_EXERCISE REQUIREMENTS_
Transcribe exactly the lines that fall between the one holding "18th century, Italian" and the one holding "This refined neoclassical", inclusive, from the entries below.

*** Opening THE DATA ***

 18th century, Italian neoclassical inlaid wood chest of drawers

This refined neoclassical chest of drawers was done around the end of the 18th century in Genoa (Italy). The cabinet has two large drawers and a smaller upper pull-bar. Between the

*** Closing THE DATA ***
*** Opening THE DATA ***

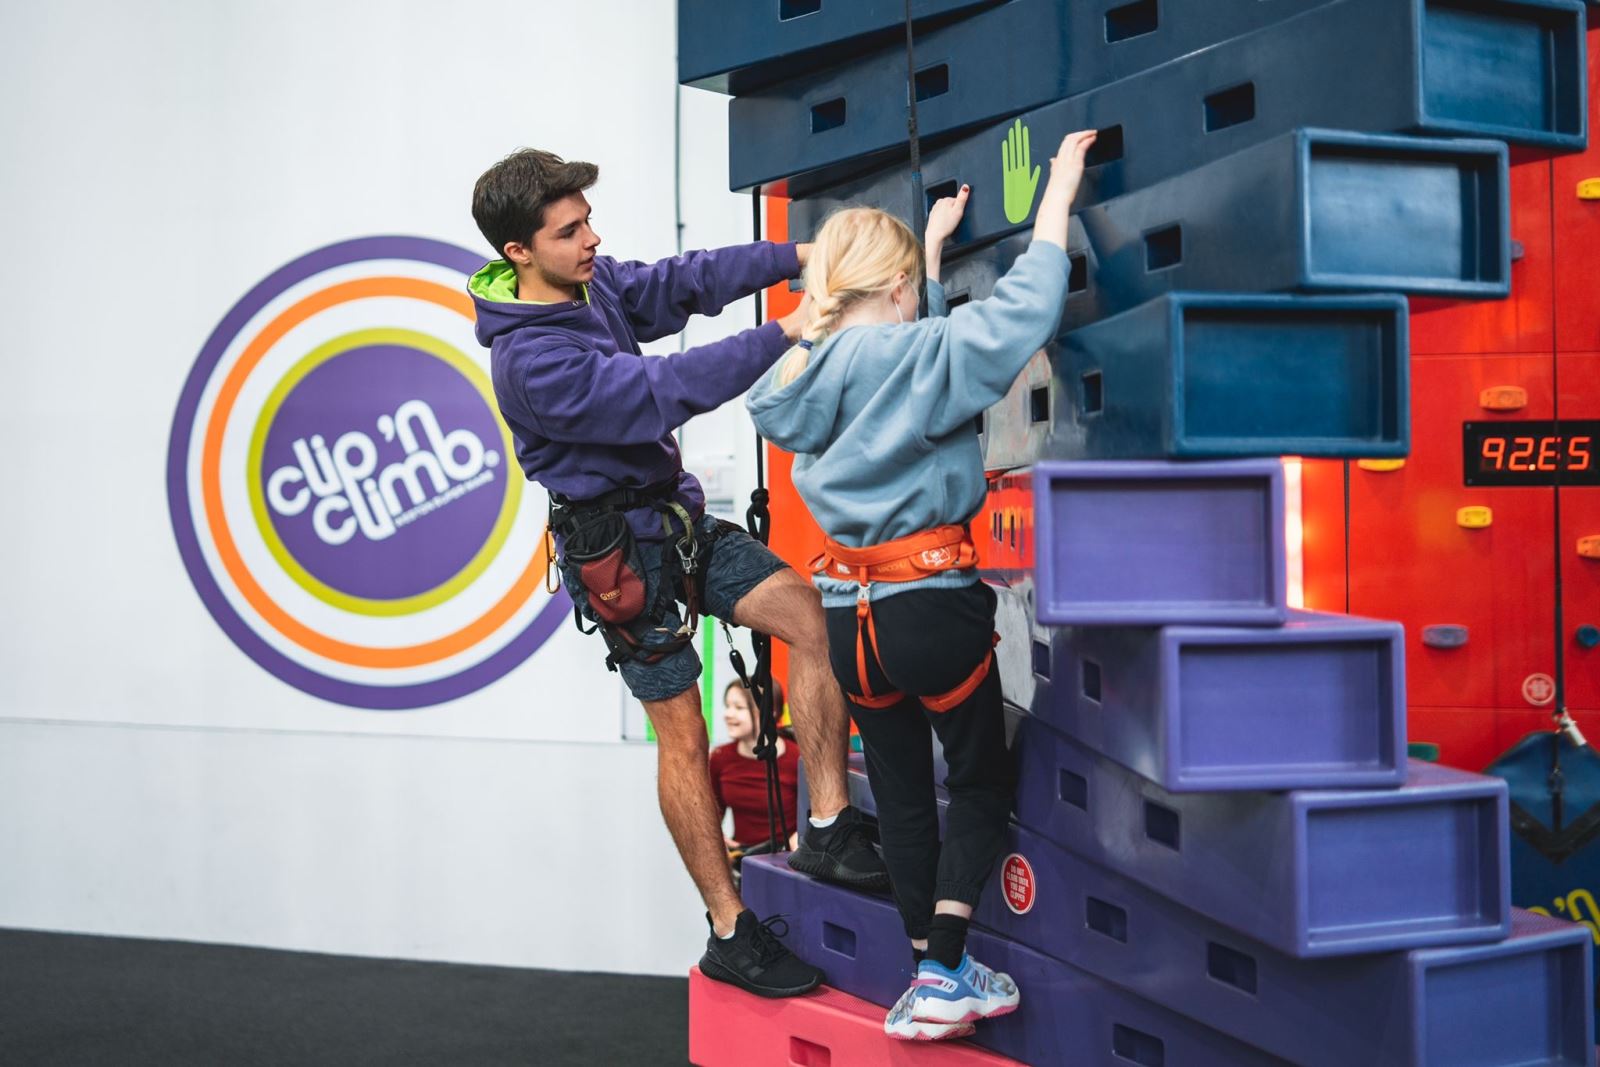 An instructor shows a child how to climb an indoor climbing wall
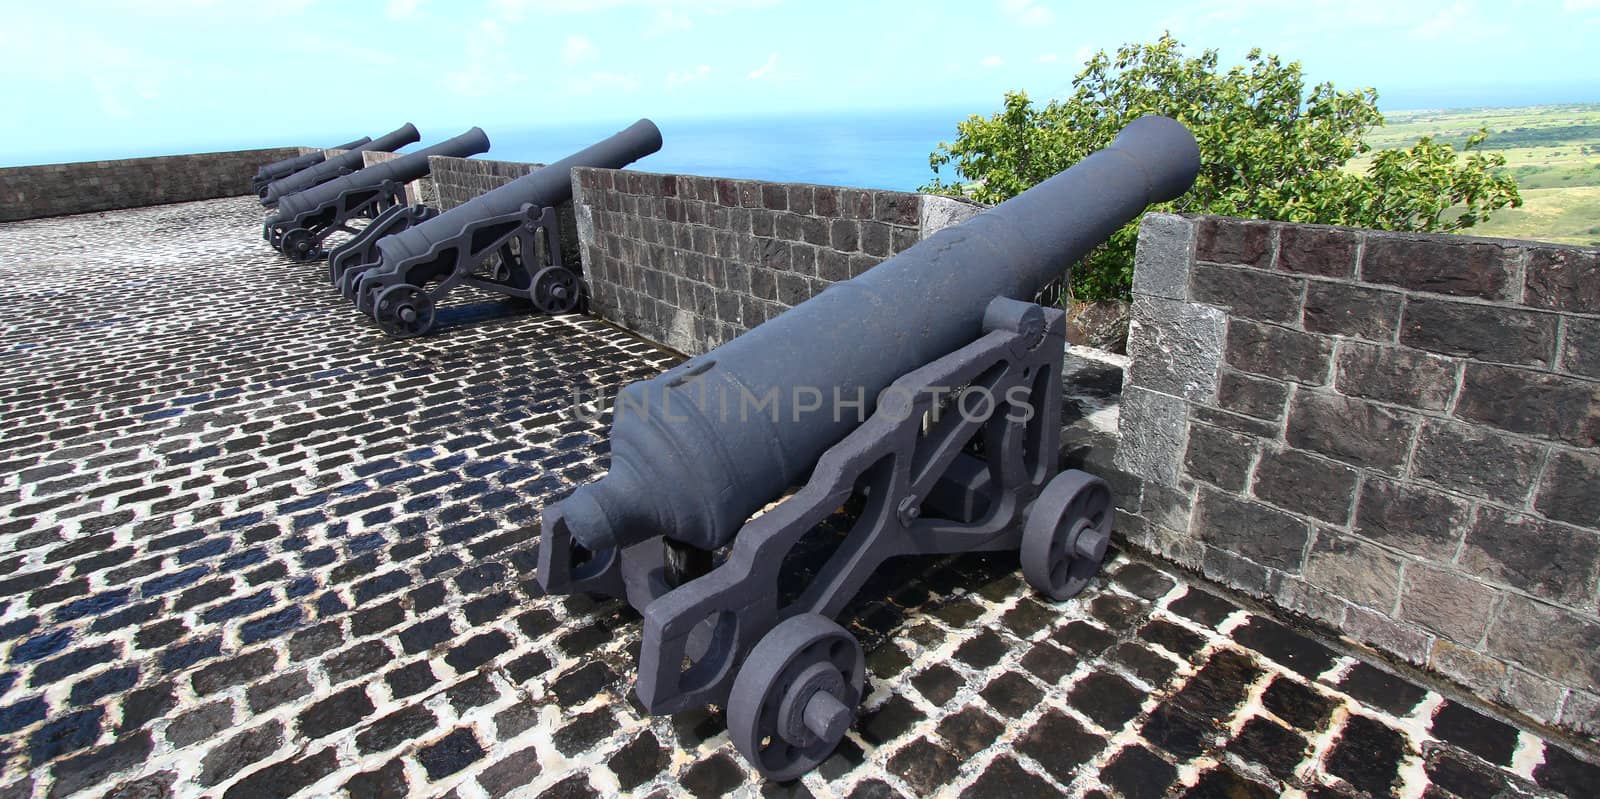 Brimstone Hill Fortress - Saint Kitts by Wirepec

*** Closing THE DATA ***
*** Opening THE DATA ***

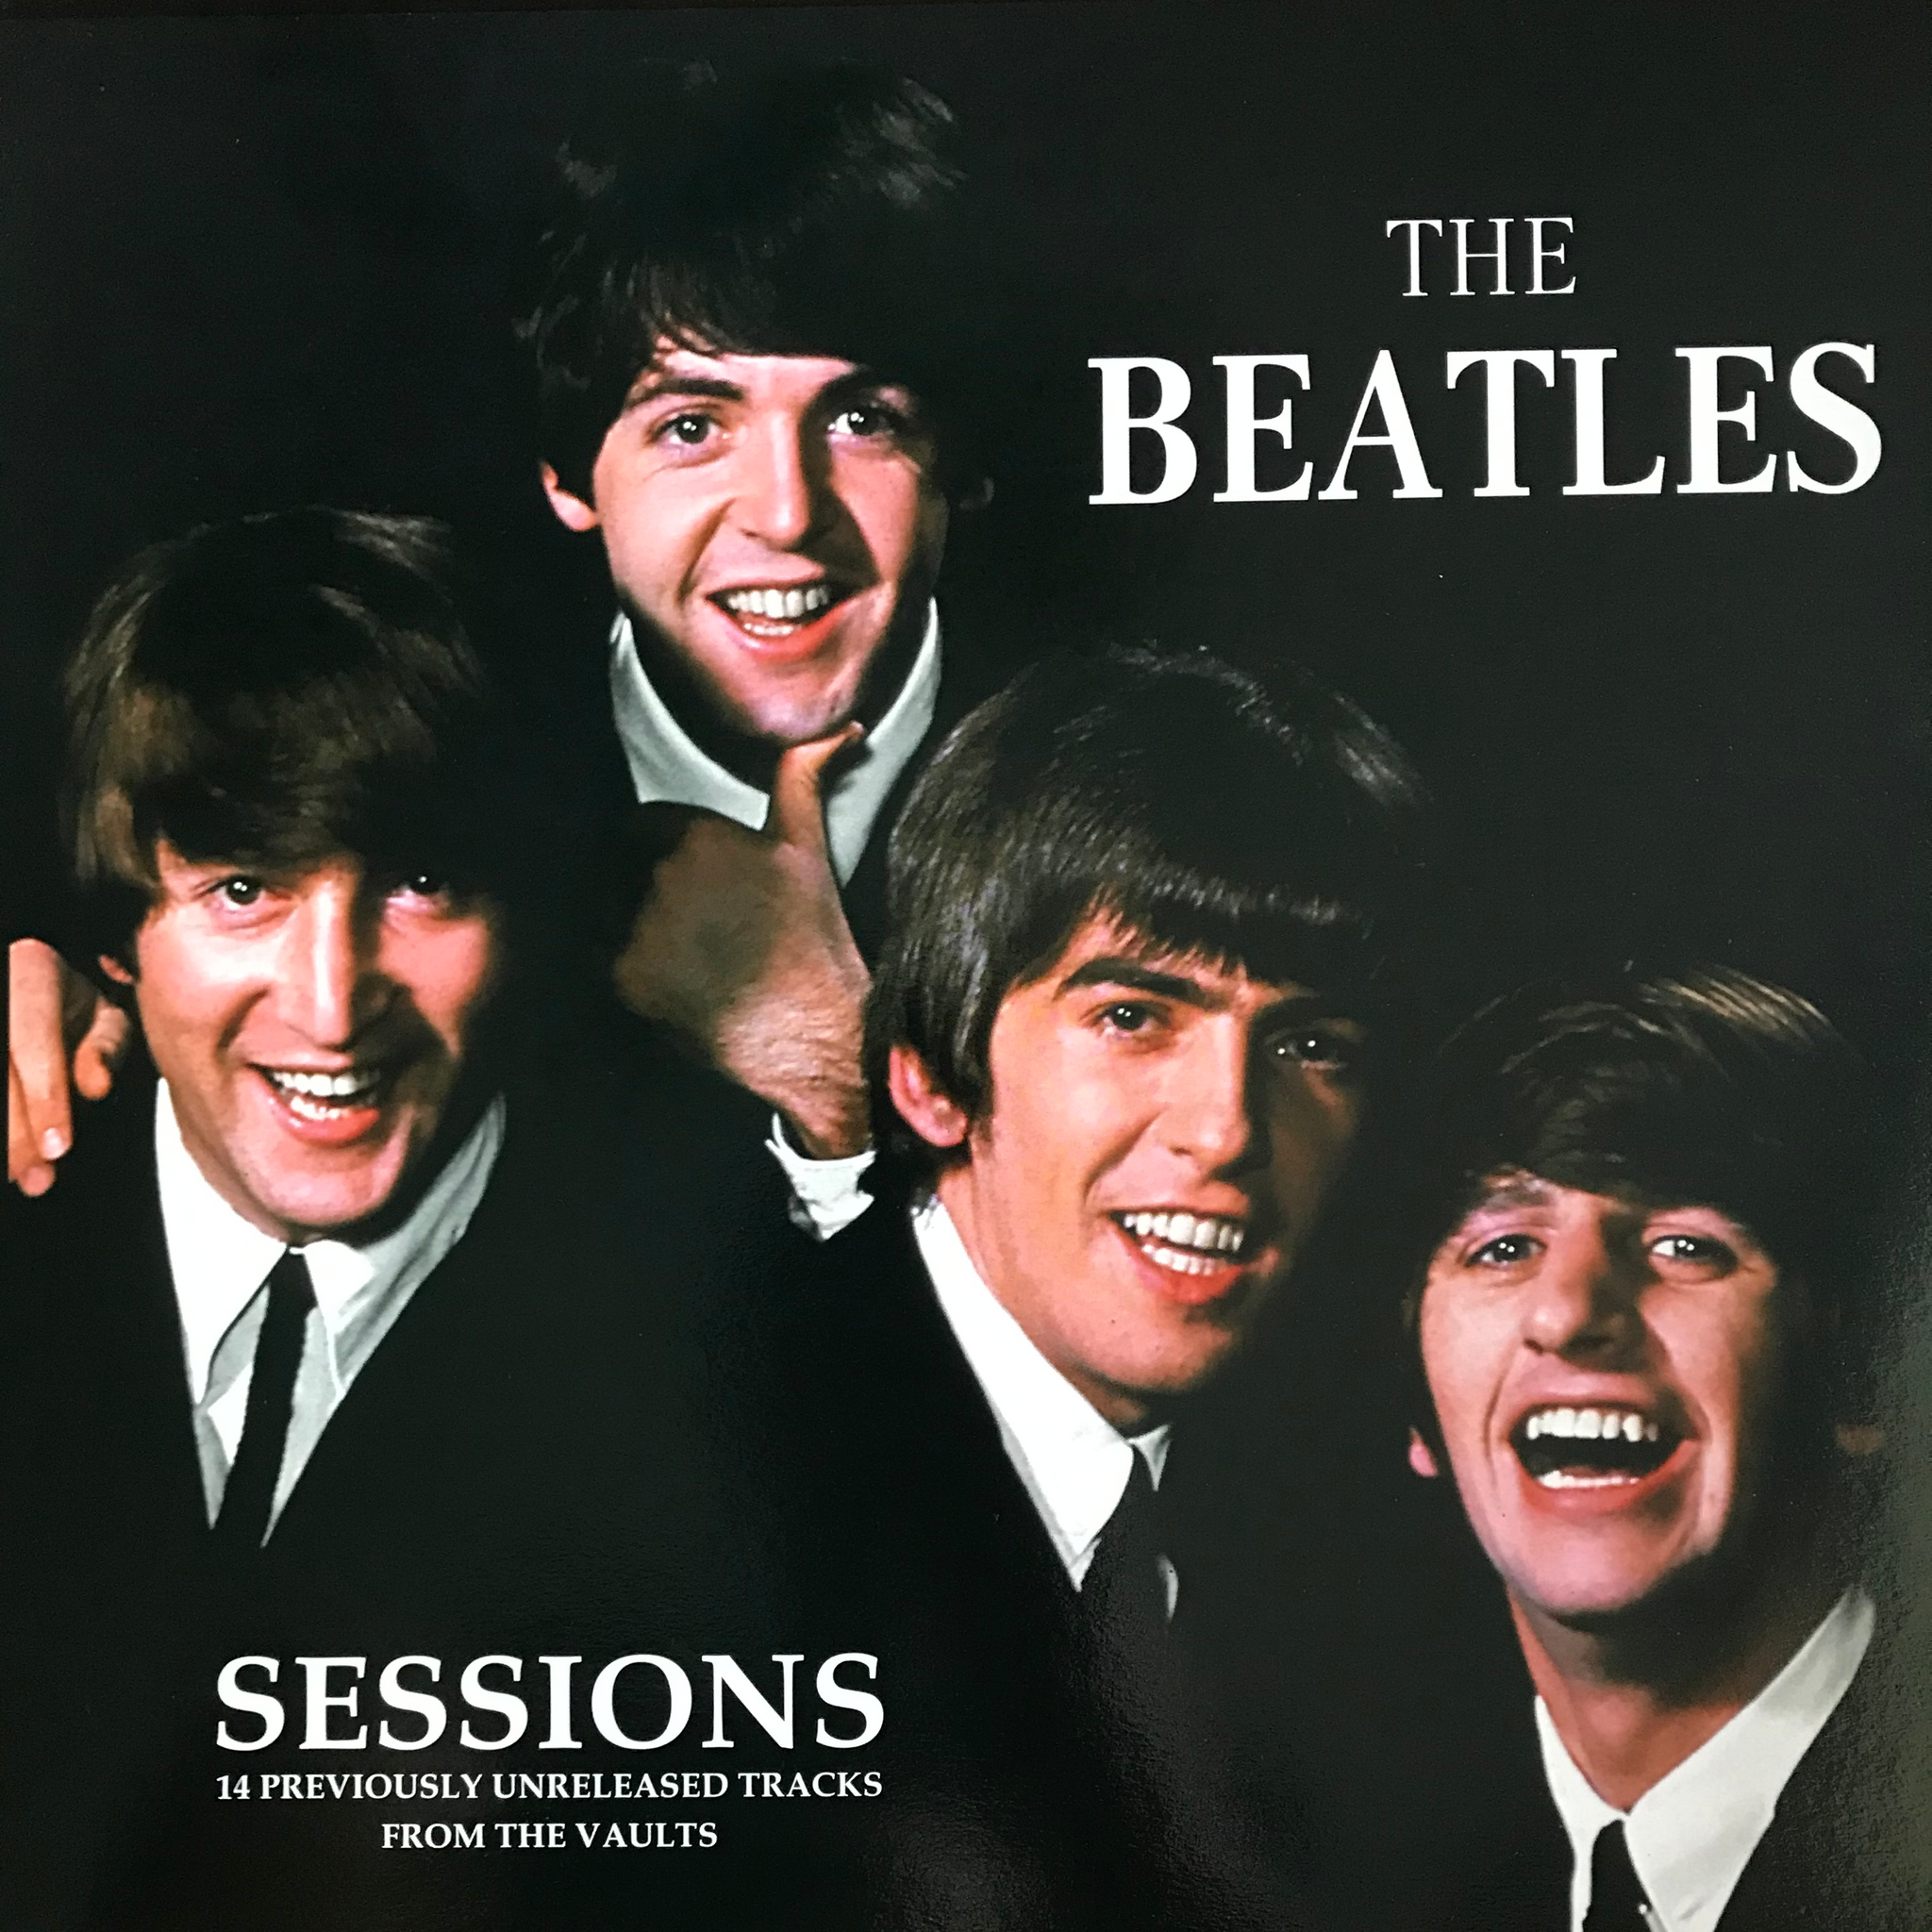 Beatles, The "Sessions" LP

*** Closing THE DATA ***

_OUTPUT OF THE TASK_
 18th century, Italian neoclassical inlaid wood chest of drawers

This refined neoclassical chest of drawers was done around the end of the 18th century in Genoa (Italy). The cabinet has two large drawers and a smaller upper pull-bar. Between the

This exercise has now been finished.